On October 26, D.C. police broke up a fight between groups of teens. Some of the teens hung around, and a female officer told them to disperse. That’s when the fun began. When 17-year-old Aaliyah Taylor pulled out her cell phone and started playing “Watch Me (Whip/Nae Nae)” and doing some dance moves. Instead of getting angry, the officer laughed. The Washington Post describes what happened next:

“What happened from there on the 200 block of K Street SW was a rather impressive dance-off between the police officer and the teen, and an example of positive community policing at a time when national attention is focused on discriminatory and abusive police tactics. The onlooking teens caught the dance battle on their cell phones …”

Taylor is one of eight siblings, and the only one who has never been arrested. She knew of cops as rough and rude — until this encounter, which ended in a hug.

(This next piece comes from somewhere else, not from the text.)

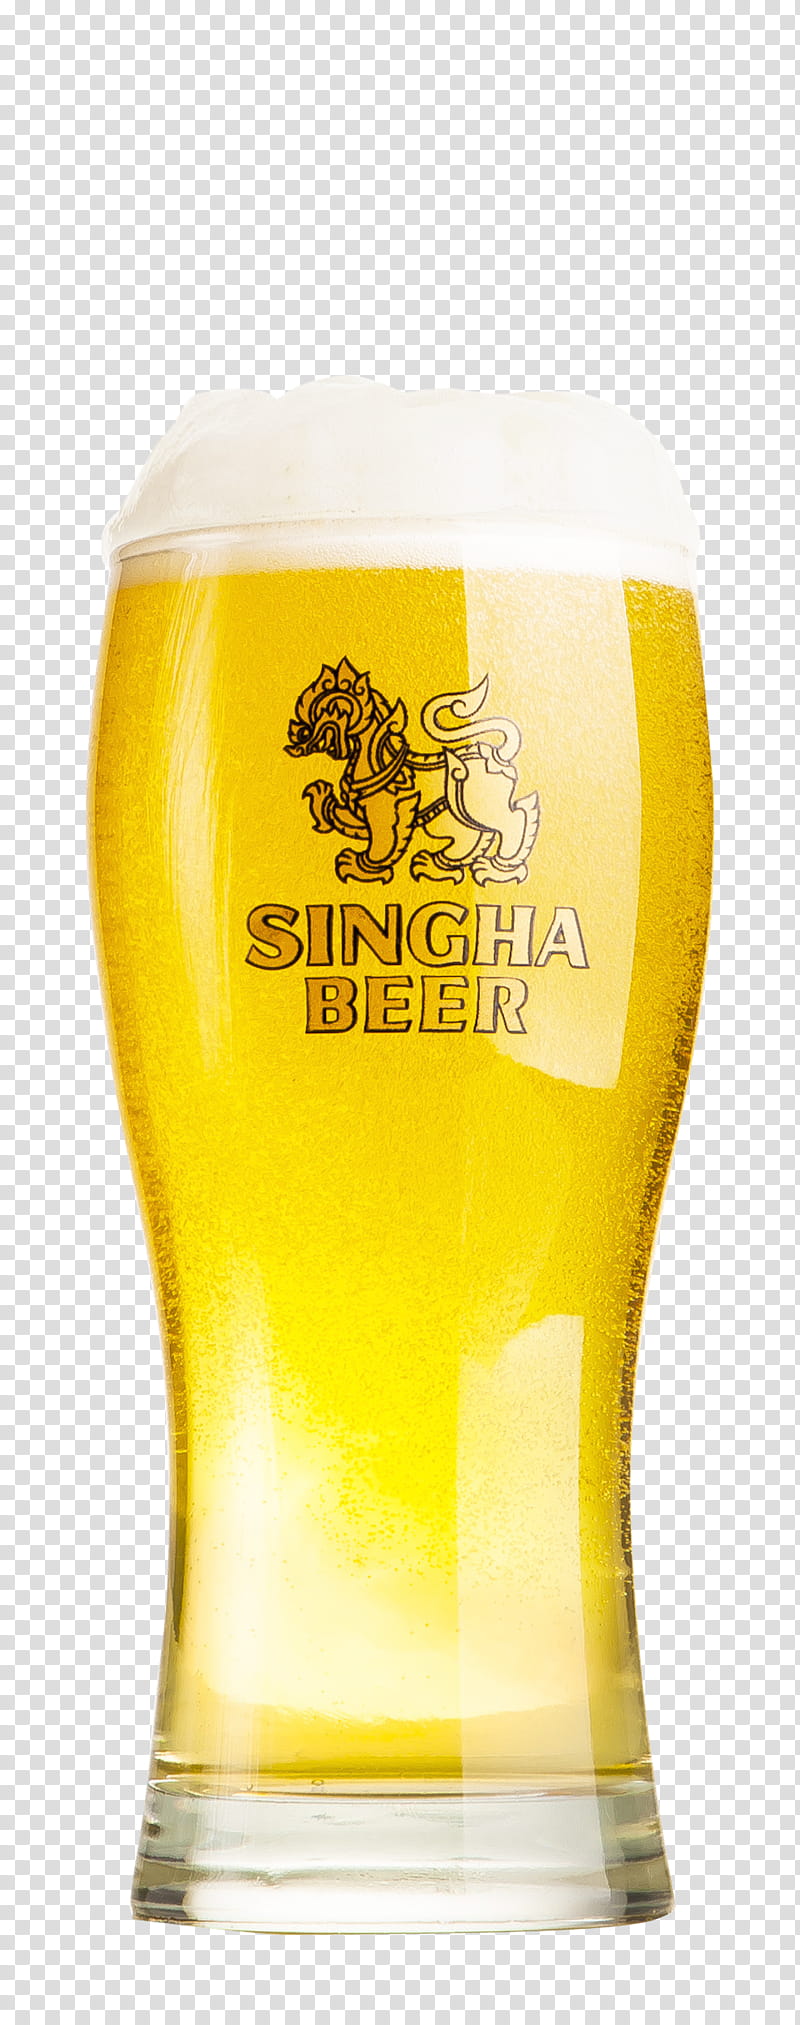 Beer, Lager, Chang Beer, Erdinger, Wheat Beer, Singha, Ale, Witbier transparent background PNG clipart

“‘Instead of us fighting, she tried to turn it around and make it something fun,’ Taylor said. ‘I never expected cops to be that cool. There are some good cops.’”

That’s how to de-escalate a situation — a move that more cops need to learn.

In New York, some recruits learned a lesson in history, and maybe in empathy, from a theater program. As part of their training, they watched a play that told the stories of Anne Frank, a Jewish 15-year-old killed in a concentration camp during World War II, and Emmett Till, a black 14-year-old lynched in Mississippi in 1955. NPR describes the play:

“It’s a part of American history that was news to NYPD recruit Anthony Frascatore.

“‘I definitely knew the story on Anne Frank,’ he said. ‘I didn’t know the story on Emmett Till, though.’

“Neither did the other four recruits the NYPD made available for interviews.  All of them were white, even though the cadets in the audience were racially diverse.”

Understanding history is a basic step toward understanding the continuing racial divides in this country. The D.C. dance-off provides an idea of some steps toward bridging those divides.